To achieve convergence and a stable solution, it is an excellent option to examine the residual levels and monitoring of the integrated quantities (Fluent 2009). In most cases, the residual criteria of 10−6 for the energy equation and 10−3 for other equations are sufficient (Fluent 2009). Villafruela et al. (2013) recommended 10−5 for continuity, momentum, energy and turbulence equations and 10−7 for contaminant concentration equations based on the particle contamination study in an isolation room. Gilkeson et al. (2014) proposed a tighter limit of 10−8 for the momentum equation to achieve better accuracy. Sadrizadeh and Holmberg (2015), however, claimed that the convergence criteria of 10−5 for continuity and energy equations are adequate in obtaining a converged solution. The complete verification procedures have been demonstrated by Peng et al. (2016), and they concluded that a slight difference in the convergence criterion of 10−3 and 10−5 could cause the simulation result to vary significantly (Peng et al. 2016). So far, there is no consensus on the convergence criterion for indoor analysis. In our view, a converged solution does not mean that the convergence criterion needs to achieve a huge drop in the residuals. Sometimes, when there is a great initial guess on the solution, it is almost impossible for the residuals to drop to three orders of magnitudes (Fluent 2009). Therefore, verification of the convergence criterion should be performed to obtain a converged solution.

Particle dispersion models

To ensure a highly conducive environment in the healthcare facilities, e.g. operating room, isolation room, intensive care unit (ICU), strict rules and procedures are implemented on the premises. Hoffman et al. (2002) discovered that majority of the airborne bacterial contamination in the operating room is released from the surgical personnel. The identified contaminant that causes the infection is the squames or skin scales (Chow and Wang 2012; Woods et al. 1986). These sources are detached from the body due to the friction actions of clothing and human movement. To encounter this issue, one of the procedures is to oblige the surgical team to be dressed in a cleanroom suit. This procedure could ensure a massive reduction in the amount of squames or skin scales from the personnel shedded to the environment. Figure 3 illustrates the skin scales under the scanning electron micrograph.

Fig. 3

Scanning electron micrograph of skin scales a nearly to be detached from the skin surfaces; b sampled from the air (Clark and de Calcina-Goff 2009)
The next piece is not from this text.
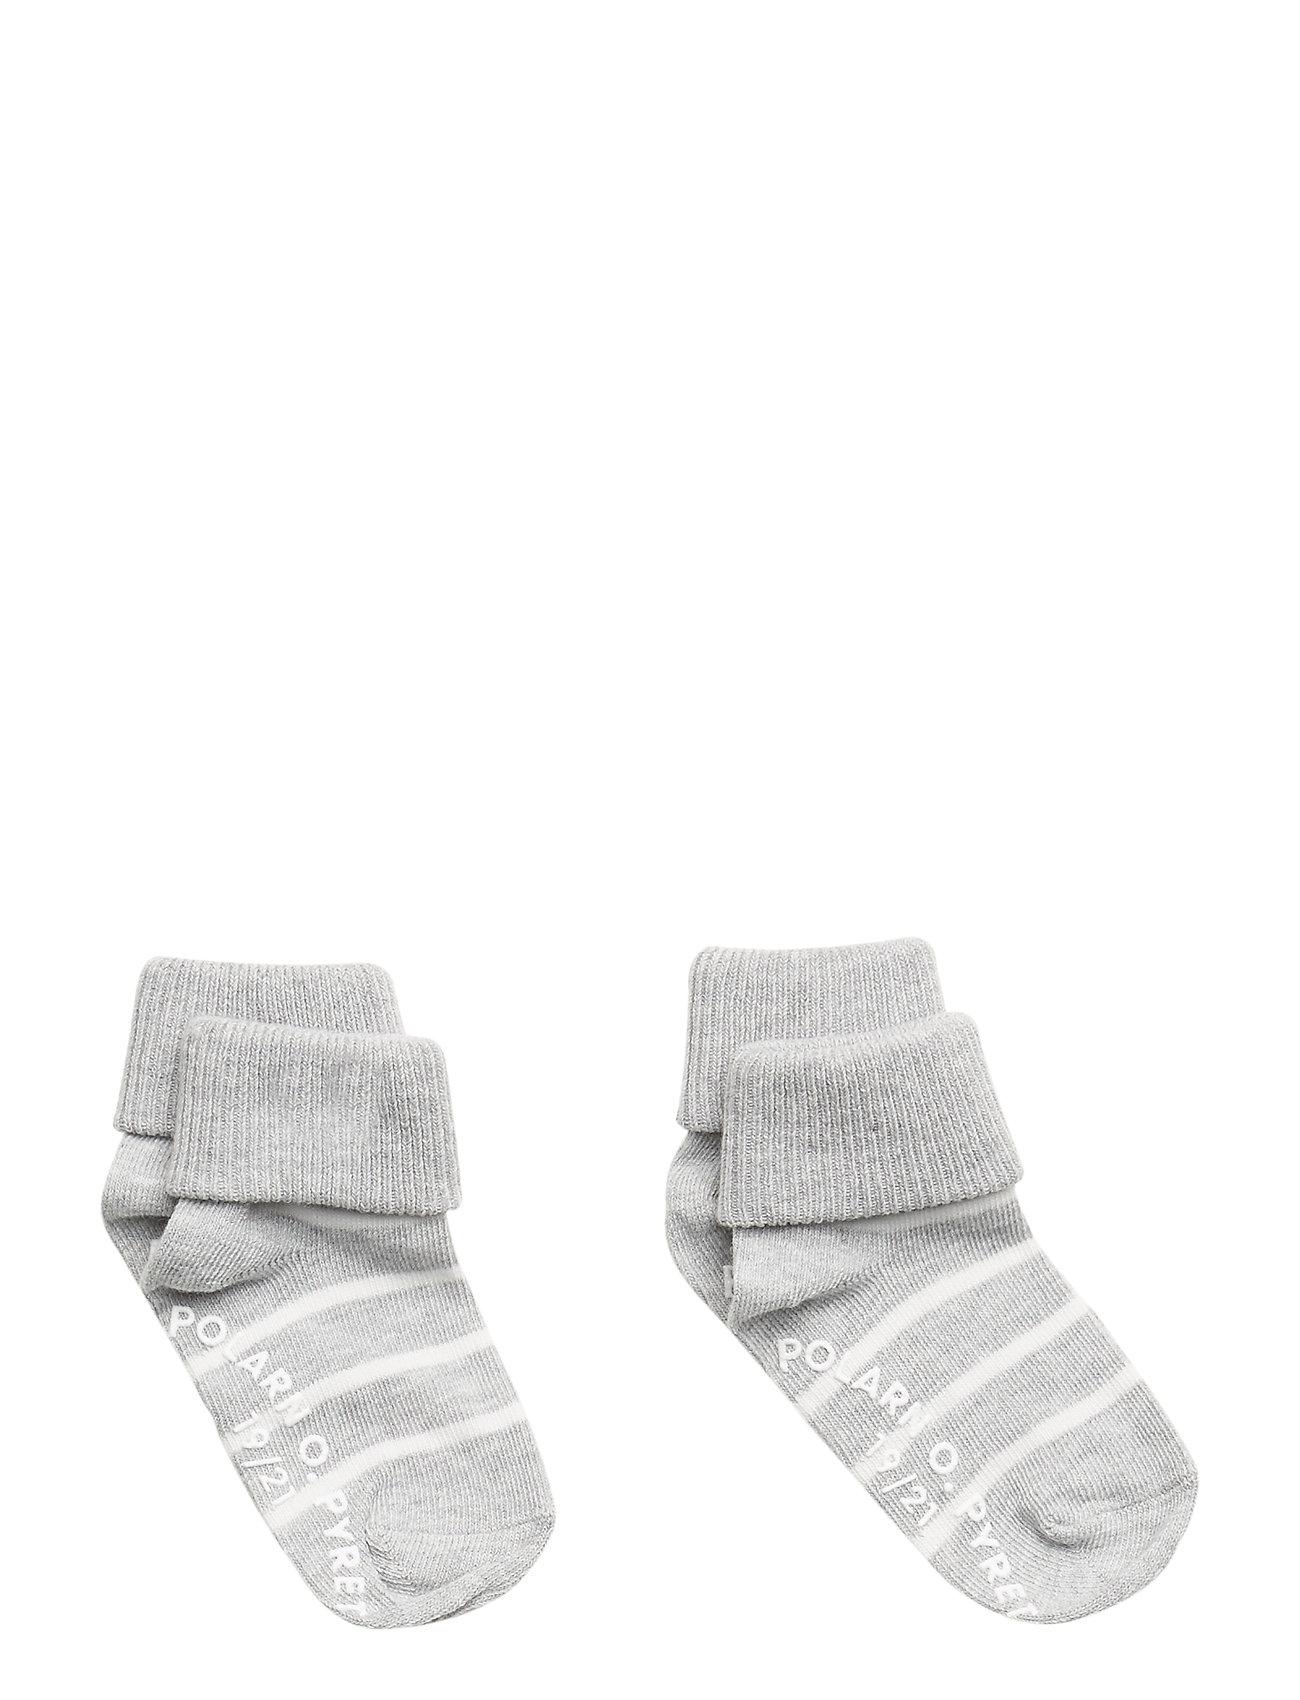 Polarn O. Pyret Socks 2-P Turn-up Anti Slip PO.P Stripe - GREYMELANGE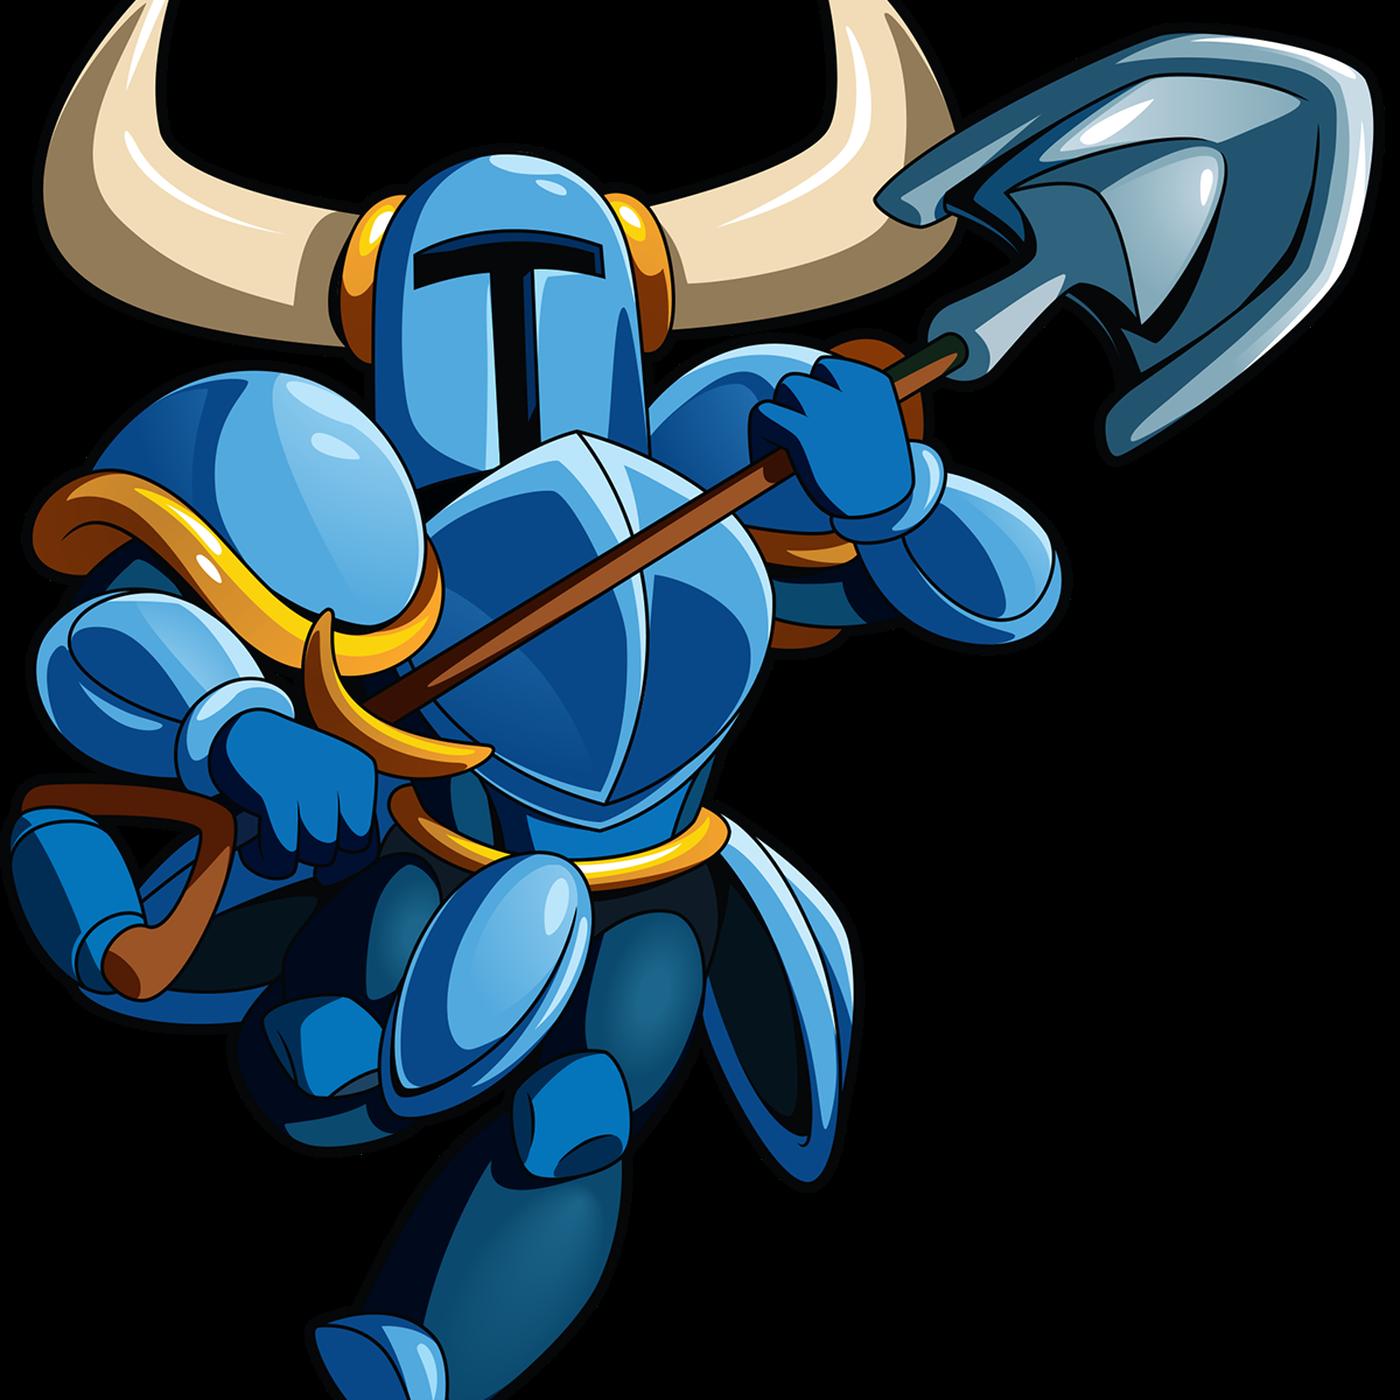 Shovel knight clipart graphic freeuse stock The making of Shovel Knight - Polygon graphic freeuse stock

The skin scales are present in irregular shapes and dimensions. It is almost impossible to precisely model each squame for the purpose of simulation. Therefore, people tended to correlate the skin scale size with the aerodynamic particle size. The term bacteria-carrying particles (BCPs) has then been employed to represent the squames or skin scales, especially for the application in the indoor environment simulation. Sadrizadeh et al. (2016a) claimed that particles with a diameter of 4–60 µm could represent BCPs. They further concluded that those bacteria have an average diameter of 12 µm. Hansen et al. (2005) also revealed that skin scales are the main source of bacteria in the operating room. They ascertain that the BCPs fall within a narrow range, which is between 5 and 10 µm. A similar result was also discovered by Memarzadeh and Manning (2003), who scrutinised the ventilation system strategy to reduce the risk of surgery in an operating room. In contrast, Morawska et al. (2009) examined the droplet size of coughs, sneezes, talks or breaths prior to the simulation work in an isolation room. This research team noticed that most human exhaled droplets are in submicron ranges. Meanwhile, Chao et al. (2009) reported that the mean diameter of droplets for coughing and speaking are 13.5 µm and 16.0 µm, respectively. In a more recent study, Zhang et al. (2015) claimed that the droplet size study between healthy people and patients are 0.1–10 µm and 0.05–10 µm, respectively.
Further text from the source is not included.